ここで今まで受け止める。避ける。のみ使ってきた我威亜が、始めてガードを使った。
この隙をサエナキ総真は見逃さない。
一気に畳み掛けた。
ラッシュが我威亜の体を少しずつ下がらせる。
だが我威亜の蹴りが総真の腹に当たる。
切られた傷と折れた肋骨の激痛が体中に走る。
それでもサエナキは折れない。
震える足を奮い立たたせ、気を保ち、笑う。
自分は生きている、戦っている、抗っている。

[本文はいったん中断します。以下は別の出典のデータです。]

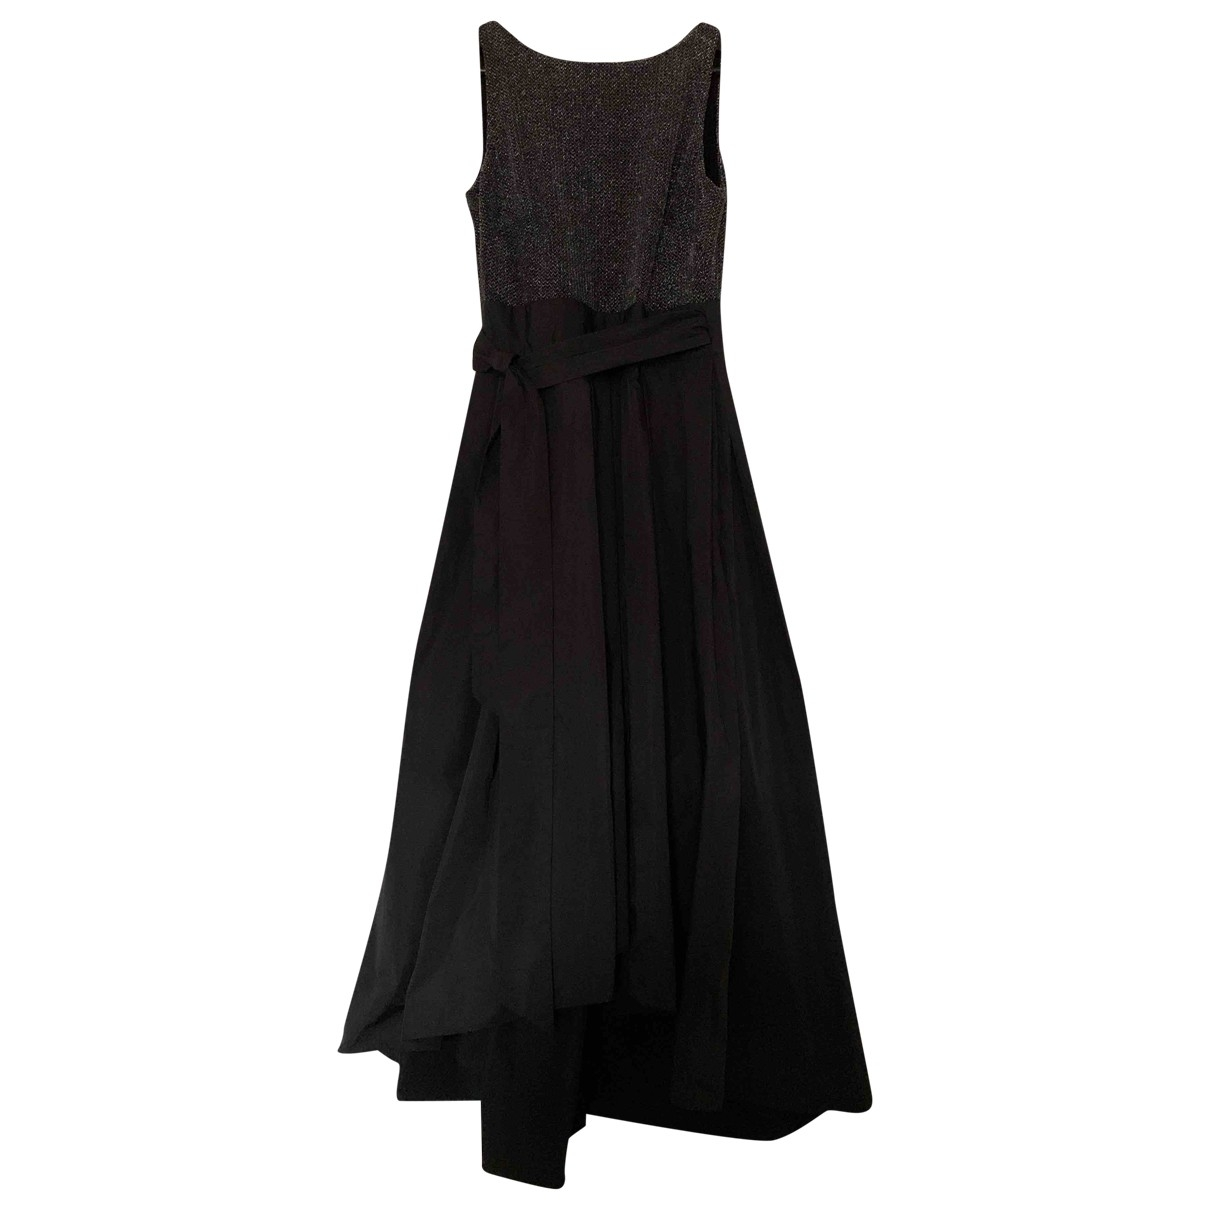 Lauren Ralph Lauren \N Kleid in  Schwarz Polyester

その気持ちが、総真の闘争心を奮い立たたせる。
次の瞬間我威亜の腹に一発の拳が当たる。
我威亜初めての吐血、確実なダメージ、だがサエナキは遂に我威亜に殴り飛ばされた。
サエナキは転がりながらも止まり、立ち上がる。
我威亜が近づき攻撃を加えようとした時だった。
サエナキは誰かを投げた。
そう、空だ、刀を構える空、我威亜の実力があれば防げたはずだった。
だが…。
ガシッ!!
掴んだのは桜だった。
「させません!!!」
次の瞬間横腹に強烈な一撃がはいる、ミズサの攻撃だ。
「ジャック…ポットだよ…ノア!慈佐!!」
上から衝撃波が降り注ぐ。
そして後から、理力の槍が…。
「神鎗!!」
「空気振動!衝撃波!!」
効かない、ダメージはない、だが空がそこに届くまでの時間稼ぎには十分だった。
炎が燃え盛る。
空の赤い目が光り輝き、刀身が青白く光る。
遂にその刀が振るわれた。
その攻撃は…我威亜を捕らえる…。
はずだった。
弾かれたのだ、空の攻撃は。
次の瞬間我威亜の体から理力の衝撃波がはなたれる。
全員が木や地面に叩きつけられる。
「お前らに能力を使うのは初めてだな…」
傷が回復していく…いや、まだ傷はのこっている、だが奴の力が上昇している。
「俺の能力は、体のダメージの20%を自分の身体能力強化に変換できる」
驚きを隠せなかった…、やつは今までの戦いほぼ避けなかったのは、能力のためだったのだ。
やつが拳を振り上げる。
総真は分かっていたこの一撃はヤバいと、確実に誰かが死ぬと…。
総真が立ち走り出した瞬間だった。
奇跡は終わる。
倒れたのだ…、地面に…。
立てなかった、理力切れは起こしていない。
そう身体の限界だ…。
体中の骨は折れ、疲労はたまり、空に深く斬られていた。
まず戦えること自体、生きてることさえも奇跡だった。
だが奇跡は終わった。
身体の限界がきた総真の意識はどんどん薄れ、遠のいていく。
その拳が遂に地面に当たる。
その瞬間だった。
防がれたのだその一撃は、一つの足で軽々と…。
「良くも、俺の生徒に手を出したな?」
現れたのは光る頭…校長井鷺克也だった。
同時にキュラ先生が総真の緊急処置を開始しながら状況を話す。
「いい!よく聞きなさいよ時間がないから1回だけよ。」
サエナキの治療を進めながらキュラは話始めた。
「今回の試験は中止、一応全員合格…、こんなやつがいるところで生きてるだけでも奇跡なんだから!それと!あんたらはすぐ逃げなさい、立ち向かおうとしないの、子供は大人を頼っていいんだから!貴方達はすぐに逃げなさい、サエナキくんは私が治療して連れてくから」
全員が頷きすぐに校舎へ走り出した。
「お前…名前は」
「我威亜だ」
「どこの差し金だ…」
「出馬って言えば…わかるかな?校長」
「あのバカか…よし、殺るぞ?我威亜」
「ははっこの学校のやつらは戦闘狂だけなのか!!」
こうして俺達の戦いは終わった。
我威亜との戦いは校長が受け継いだのだ。